* Work item
All pictures are to be dropped, and everything else in the data duplicated exactly.

* Given material
- Opening Delimiter -
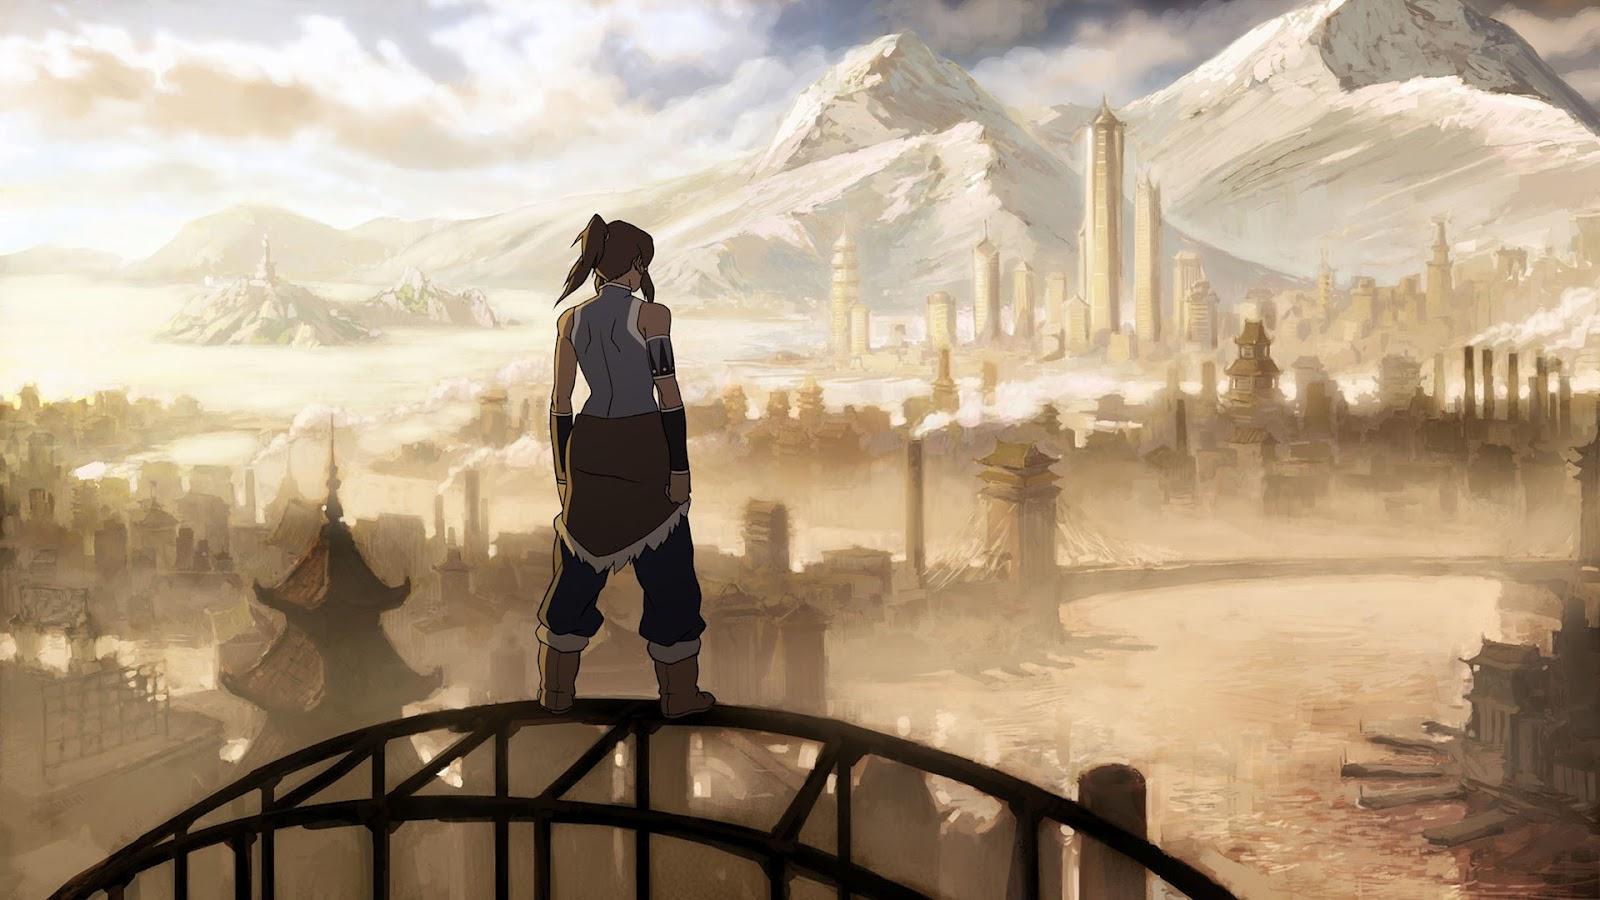 Dwonload Avatar the Legend of Korra PowerPoint Backgrounds 1600x900
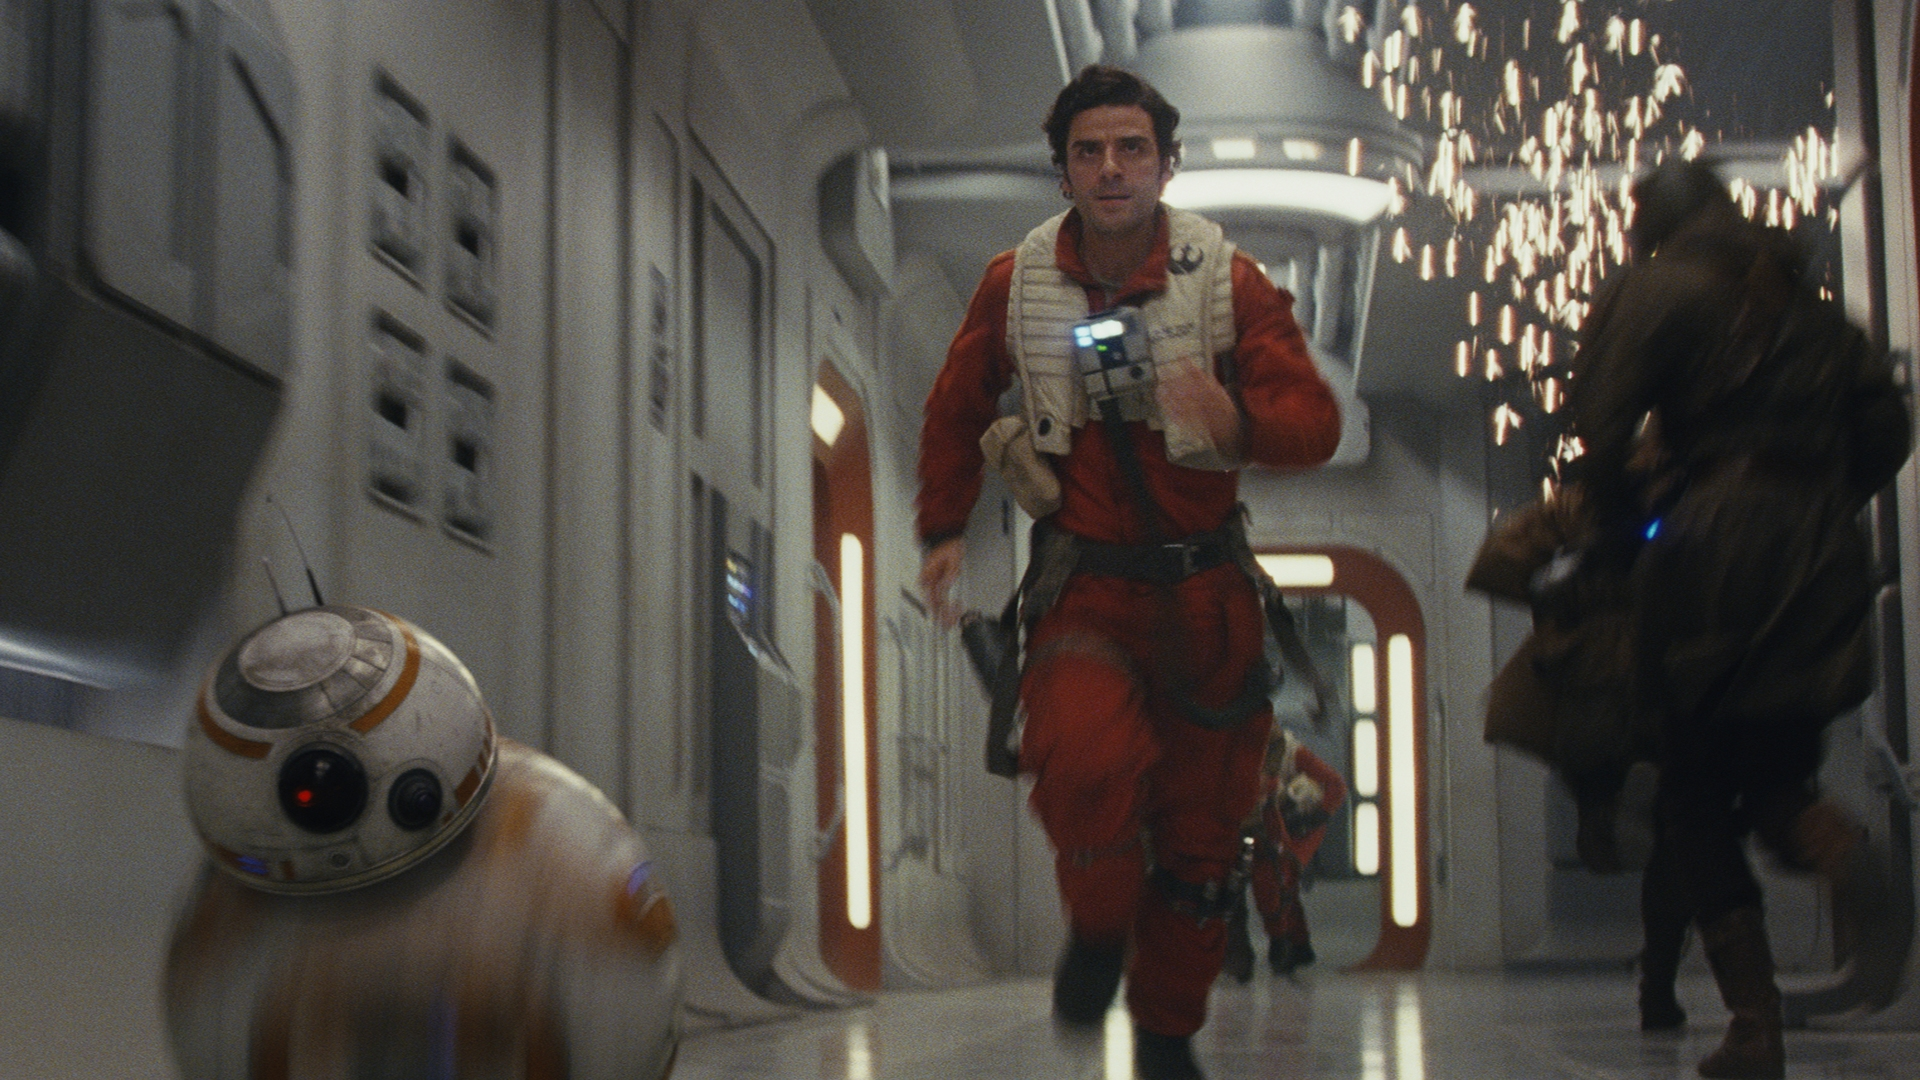 Bb 8 Oscar Isaac Poe Dameron Robot Star Wars Star Wars The Last Jedi 1920x1080
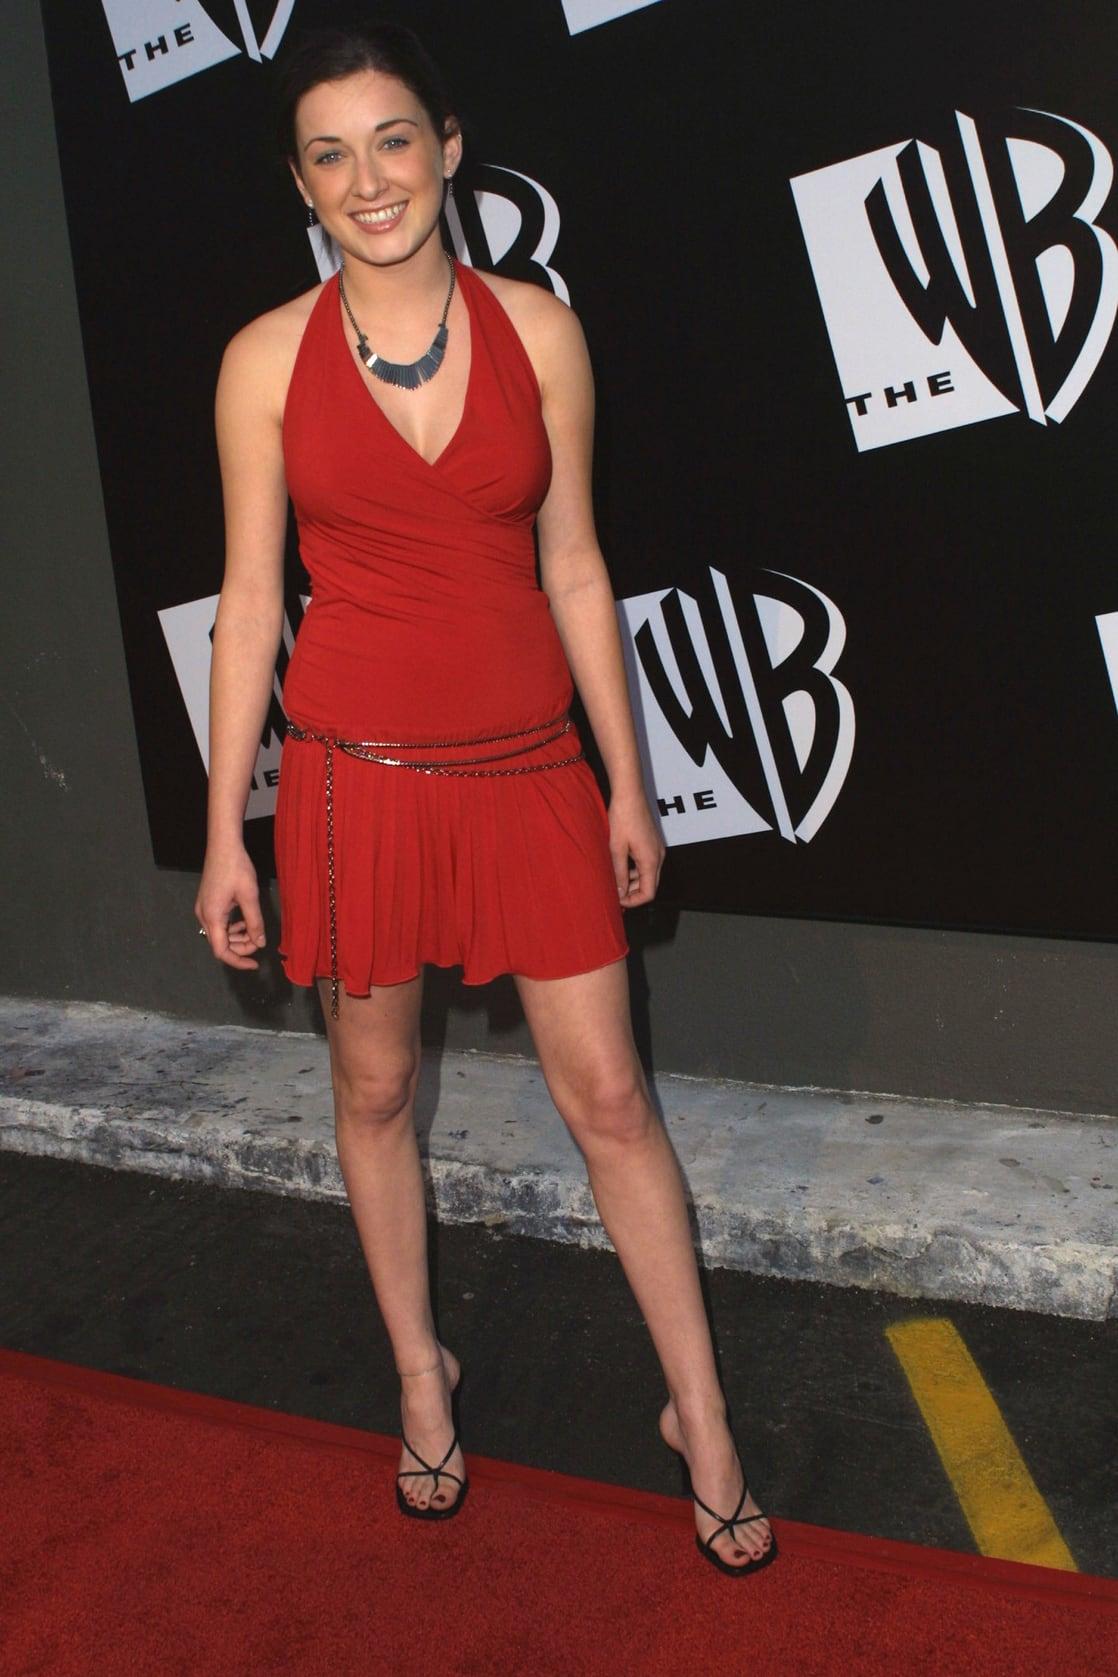 Megan Williams GBR 3 2016?resent,Alia Shawkat Erotic image Alessandra De Rossi (b. 1984),Kate Robbins
- Closing Delimiter -
* Written answer
 Dwonload Avatar the Legend of Korra PowerPoint Backgrounds 1600x900
 Bb 8 Oscar Isaac Poe Dameron Robot Star Wars Star Wars The Last Jedi 1920x1080
 Megan Williams GBR 3 2016?resent,Alia Shawkat Erotic image Alessandra De Rossi (b. 1984),Kate Robbins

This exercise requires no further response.